Стоило ей, как договорились, в полдвенадцатого ночи отпустить Калугина, начался аврал. Лившиц и Забелин в пять минут уехали, Яне оставалось только ждать, но не тут-то было.
— Машина 13–22, доктор Кейн, на вызов, — объявила Алиса Борисовна Цуцко, для пущего эффекта воспользовавшись громкоговорящей связью. — Повторяю, машина 13–22, «боли в сердце», доктор Кейн, поехали, — на всё отделение монотонно завела она. — Доктор Кейн, прошу вас не задерживать, вызов срочный, больному плохо с сердцем. Повторяю, машина 13–22…

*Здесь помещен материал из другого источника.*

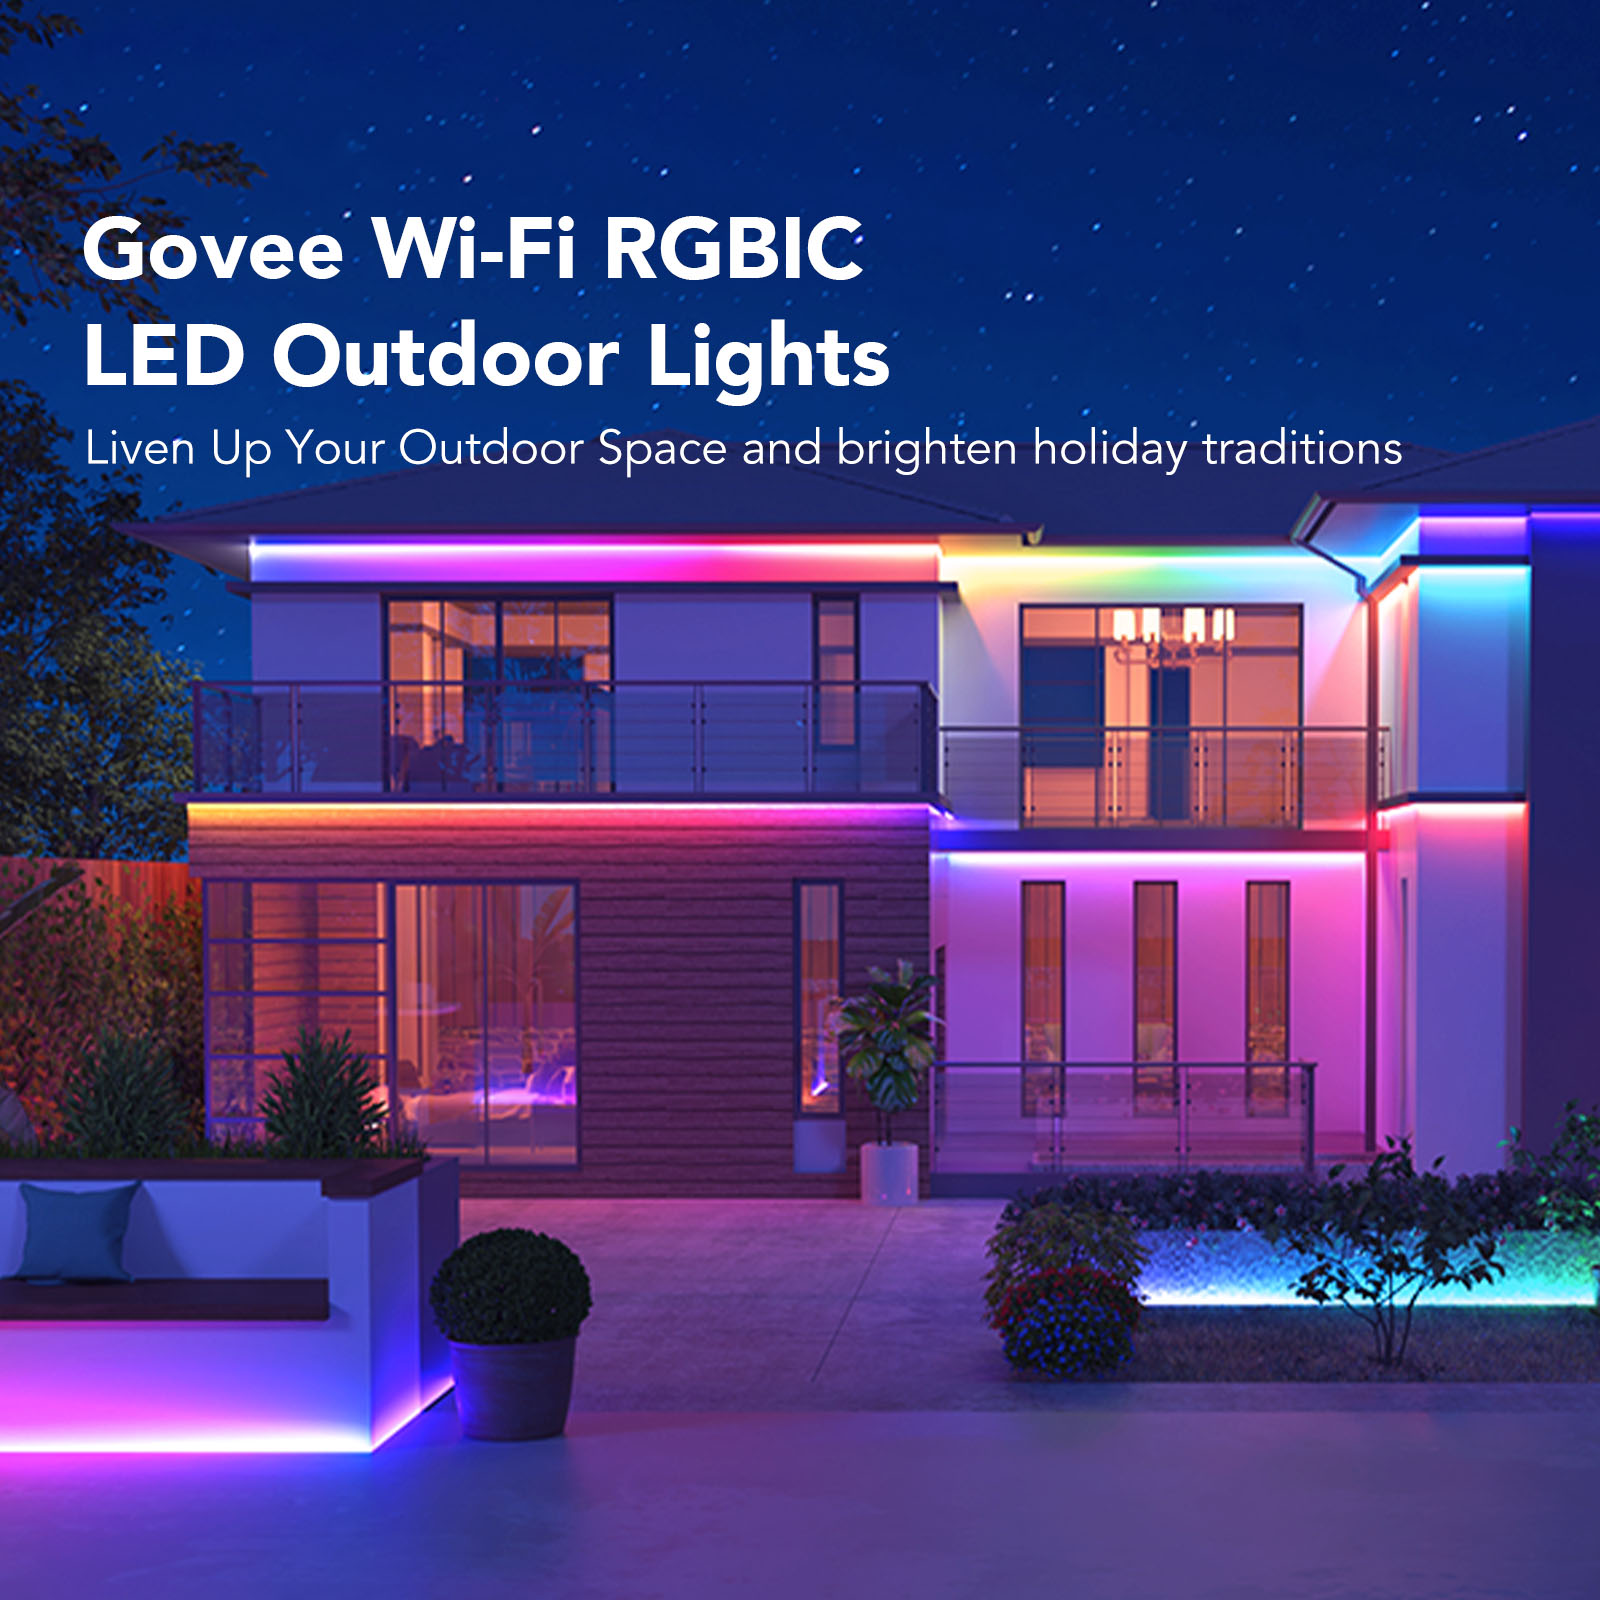 Govee 32.8ft Outdoor LED RGBIC Strip Lights - Color Changing, Dimmable,  Wi-Fi & Bluetooth Enabled, IP65 Waterproof, ETL Listed

Тот простейший, как амеба, факт, что машина 13–22, пользуясь привычным для Алисы суконным языком, имела быть в отсутствии, старшая сестра игнорировала с явным удовольствием. Вообще-то ситуация и в самом деле могла сложиться скользкая, было бы желание, а желание у Алисы было. Яне пришлось идти в диспетчерскую и пытаться что-то объяснить.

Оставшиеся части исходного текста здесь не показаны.